GOAL OF THE EXERCISE:
If a line in the listing below includes the string "katanas", pull it out.

SUPPLIED RECORDS:
○ ○ ○ ○ ○ ○ ○
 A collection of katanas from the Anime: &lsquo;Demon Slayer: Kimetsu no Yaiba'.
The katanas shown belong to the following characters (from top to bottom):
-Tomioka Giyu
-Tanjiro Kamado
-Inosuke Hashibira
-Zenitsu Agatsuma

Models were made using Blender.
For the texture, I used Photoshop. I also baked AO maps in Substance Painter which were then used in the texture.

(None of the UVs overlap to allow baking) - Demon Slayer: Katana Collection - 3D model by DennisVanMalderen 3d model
○ ○ ○ ○ ○ ○ ○
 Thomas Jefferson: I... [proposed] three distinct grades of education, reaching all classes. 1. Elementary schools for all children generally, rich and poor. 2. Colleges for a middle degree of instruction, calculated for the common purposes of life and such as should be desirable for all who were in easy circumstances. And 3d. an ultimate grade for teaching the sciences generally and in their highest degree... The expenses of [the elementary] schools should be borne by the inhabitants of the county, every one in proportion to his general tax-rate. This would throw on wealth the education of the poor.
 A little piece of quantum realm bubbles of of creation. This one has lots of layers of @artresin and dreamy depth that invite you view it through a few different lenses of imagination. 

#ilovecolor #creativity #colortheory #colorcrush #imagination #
○ ○ ○ ○ ○ ○ ○
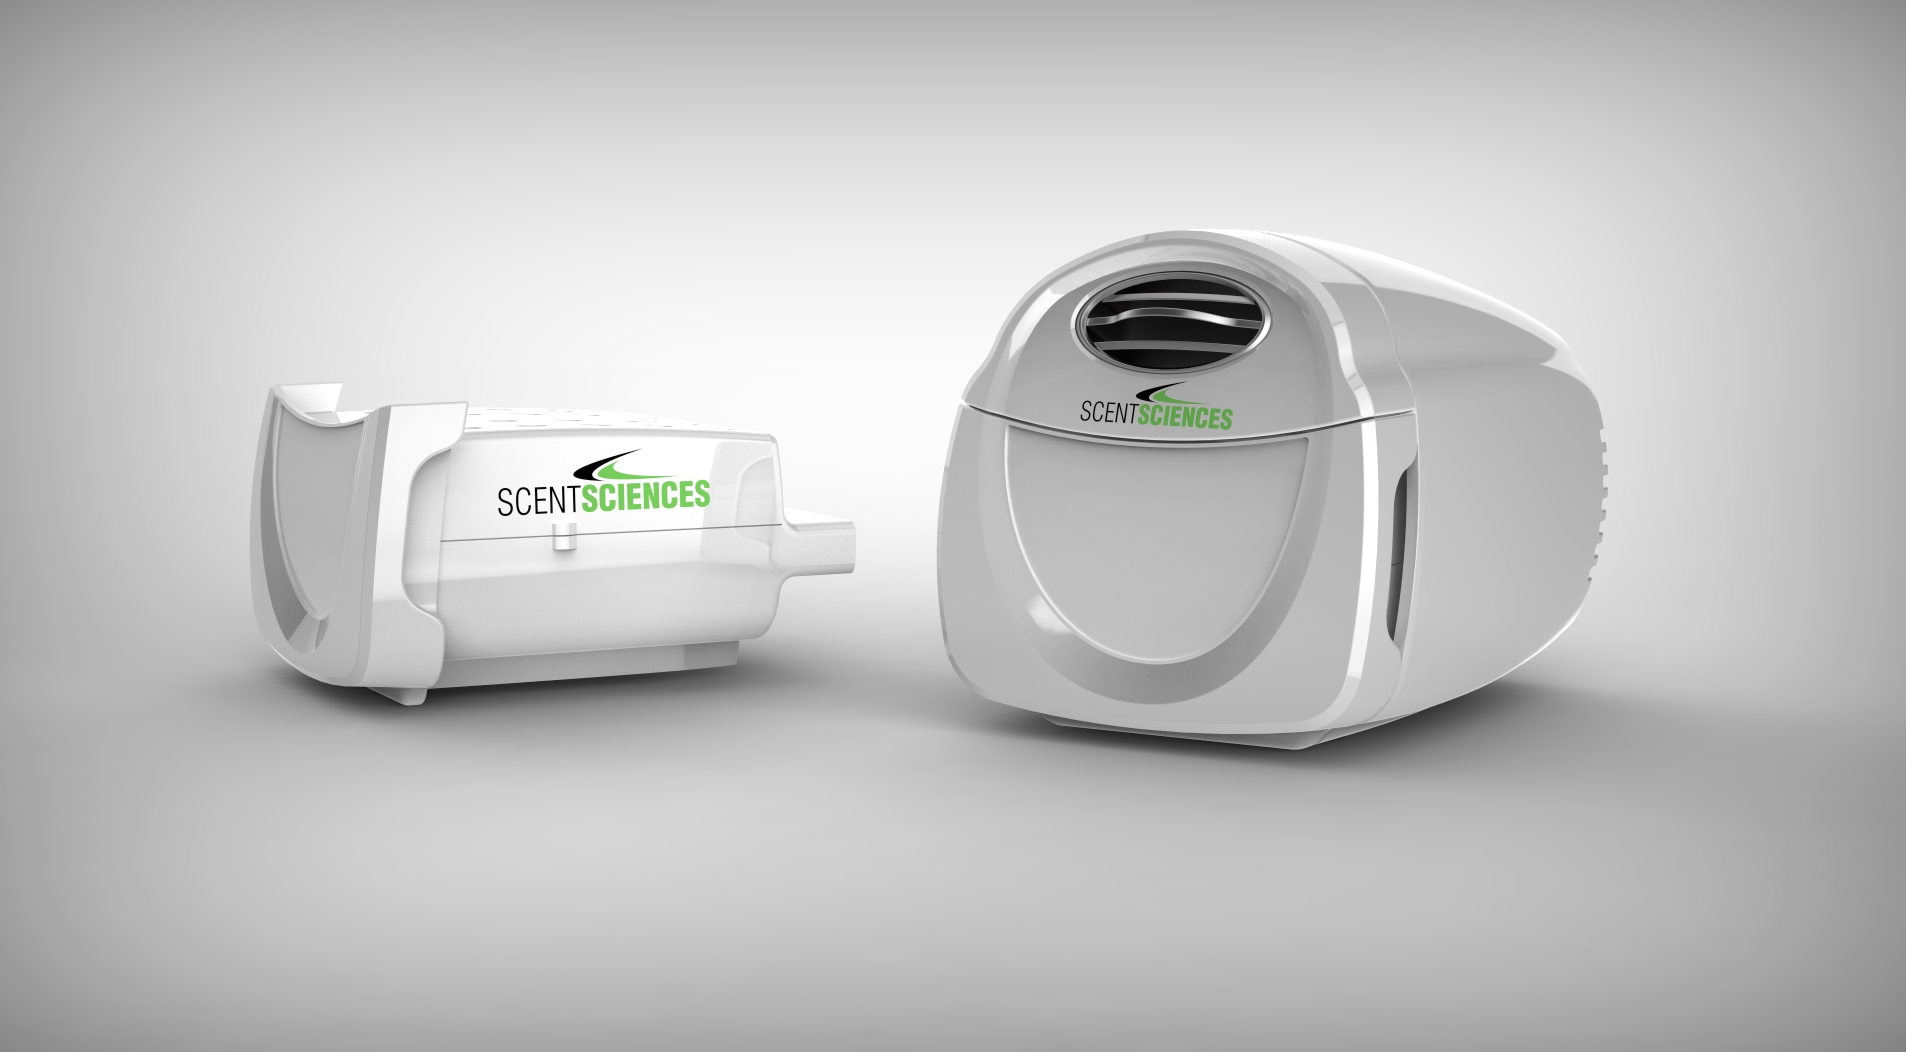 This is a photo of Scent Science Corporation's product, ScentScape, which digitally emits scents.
○ ○ ○ ○ ○ ○ ○
RESULT OF THIS TASK:
 A collection of katanas from the Anime: &lsquo;Demon Slayer: Kimetsu no Yaiba'.
The katanas shown belong to the following characters (from top to bottom):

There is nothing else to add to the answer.